Um jene zu anzuleiten, die in diesem Prozeß einbezogen sind, hat die Synode empfohlen, einige Richtlinien für den interreligiösen Dialog auszuarbeiten (159). Da nun die Kirche neue Wege der Begegnung mit anderen Religionen erkundet, möchte ich gerne einige Formen des Dialogs in Erinnerung rufen, die bereits erfolgreich angewandt werden. Dazu gehört der akademische Austausch von Experten oder Repräsentanten der verschiedenen religiösen Traditionen, gemeinsame Aktionen zur Förderung der Entwicklung des Menschen in seiner Ganzheit und die Verteidigung menschlicher und religiöser Werte (160). Auch möchte ich nochmals betonen, wie wichtig innerhalb dieses Vorgehens im Dialog die Wiederbelebung des Gebets und der Kontemplation ist. Die Personen des geweihten Lebens können hier in bedeutender Weise zum interreligiösen Dialog beitragen, indem sie Zeugnis geben von der Lebendigkeit großer asketischer und mystischer Traditionen des Christentums (161).

Das denkwürdige Gebetstreffen von Assisi, der Stadt des hl. Franziskus, am 27. Oktober 1986, bei dem die katholische Kirche mit Vertretern der anderen Weltreligionen zusammengetroffen ist, beweist, daß religiöse Menschen, ohne ihre jeweilige Tradition aufzugeben, sich dennoch im Gebet engagieren und gemeinsam für den Frieden und das Wohl der Menschheit arbeiten können (162). Die Kirche muß sich auch weiterhin dafür einsetzen, um diesen Geist der Begegnung und Zusammenarbeit mit den anderen Religionen auf allen Ebenen zu bewahren und zu fördern.

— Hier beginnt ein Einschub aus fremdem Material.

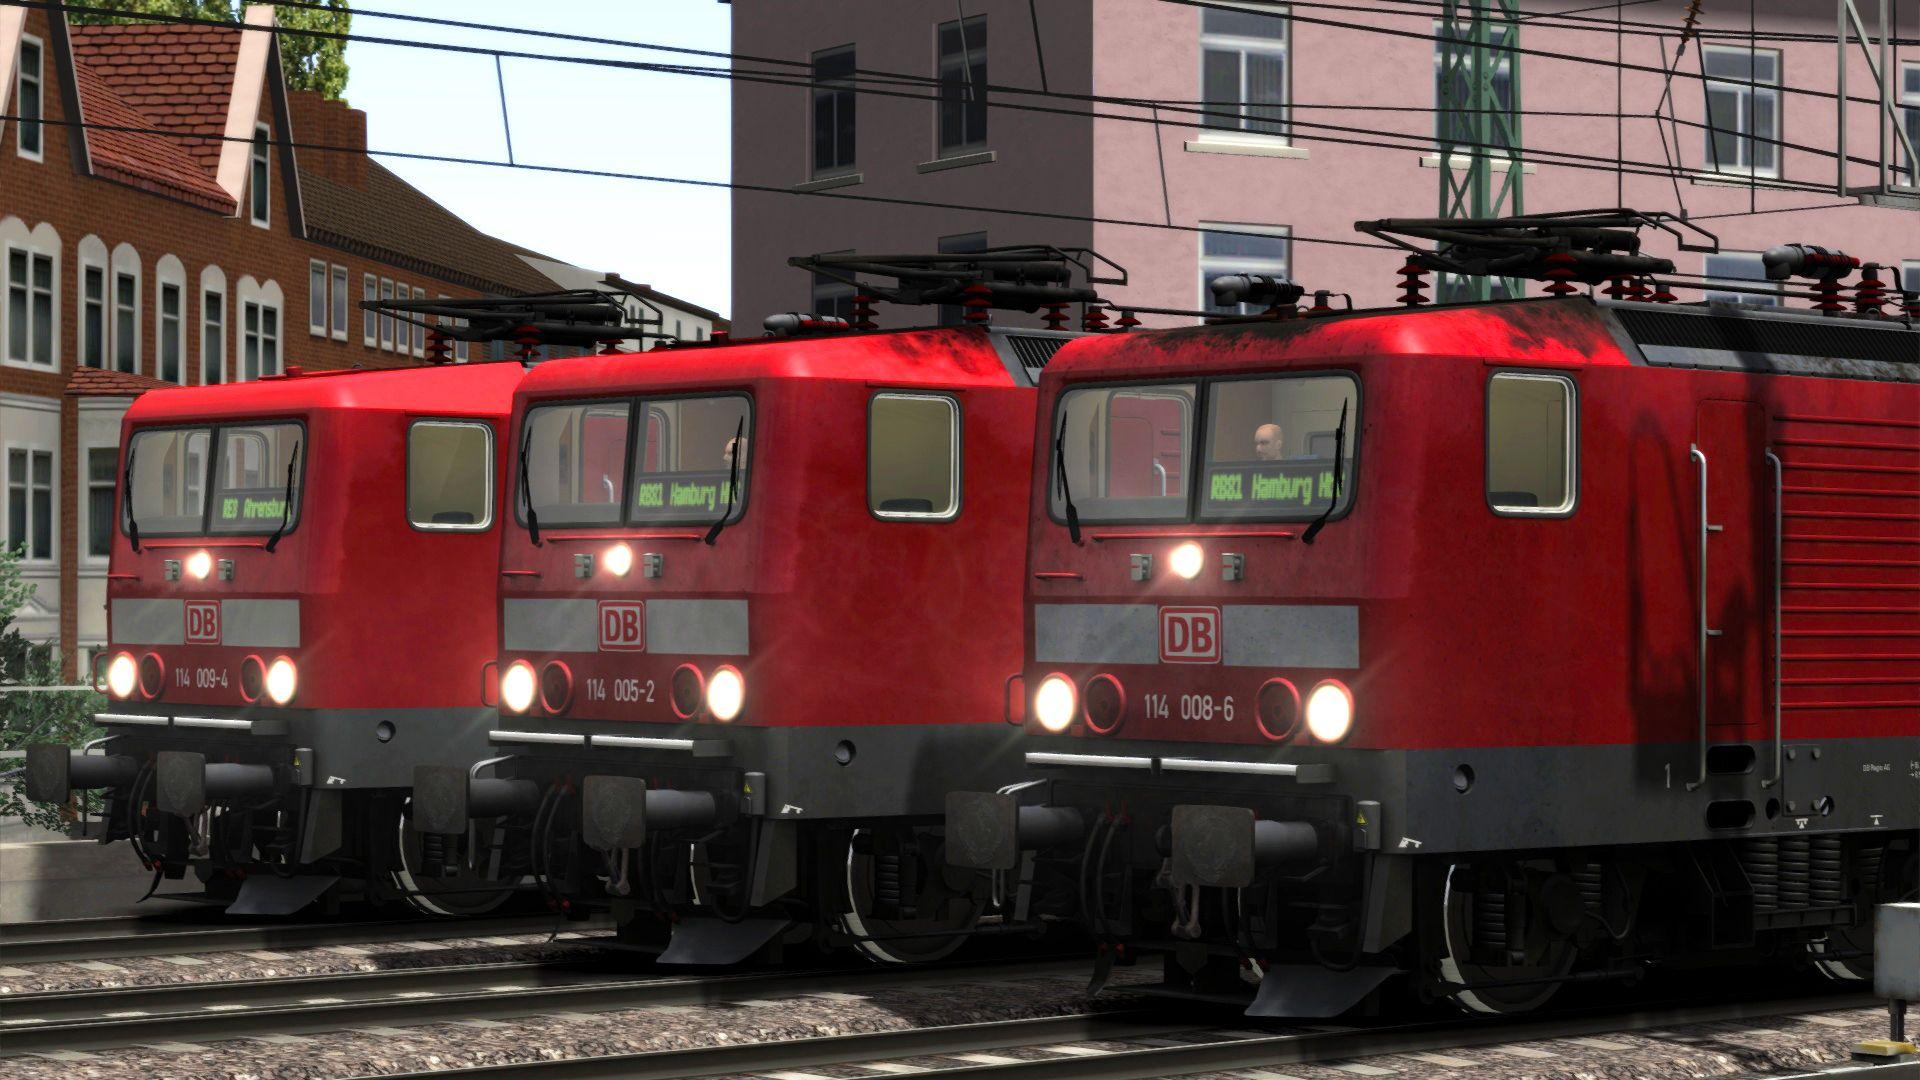 BR1144

Gemeinschaft und Dialog sind zwei wesentliche Aspekte der kirchlichen Sendung, und ihr unendlich transzendentes Vorbild besteht im Mysterium der Dreifaltigkeit, aus der jegliche Mission hervorgeht und zu der sie auch zurückkehren muß. Ein wirklich großes »Geburtstagsgeschenk«, das die Glieder der Kirche, besonders die Hirten, dem Herrn der Geschichte am zweitausendsten Jahrestag seiner Menschwerdung machen können, ist die Stärkung des Geistes der Einheit und Gemeinschaft auf allen Ebenen des kirchlichen Lebens, »heiliger Stolz« in der fortwährenden Treue der Kirche hinsichtlich all dessen, was ihr gegeben wurde, neues Vertrauen auf die immerwährende Gnade und Sendung, wodurch die Kirche als Zeugin der erlösenden Liebe und Barmherzigkeit Gottes zu den Völkern der Welt gesandt wird. Nur wenn das Gottesvolk das Geschenk erkennt, das ihm in Christus eigen ist, wird es im Stande sein, dies auch durch Verkündigung und Dialog anderen Menschen mitzuteilen.

 




152) Vgl. Nr. 53: AAS 87 (1995), 37.


153) Vgl. Johannes Paul II., Enzyklika Redemptoris missio (7. Dezember 1990), 55: AAS 83 (1991), 302.


154) Vgl. ebd., a.a.O., 304.


155) Nr. 4: AAS 83 (1991), 101–102.


156) Nr. 56: AAS 83 (1991), 304.


157) Propositio 41.



158) Ebd.



159) Vgl. ebd.


160) Vgl. Johannes Paul II., Enzyklika Redemptoris missio (7. Dezember 1990), 57: AAS 83 (1991), 305.


161) Vgl. Johannes Paul II., Nachsynodales Apostolisches Schreiben Vita Consecrata (25. März 1996), 8: AAS (1996), 383.


162) Vgl. Johannes Paul II. Enzyklika Sollicitudo rei socialis (30. Dezember 1987), 47: AAS 80 (1988), 582.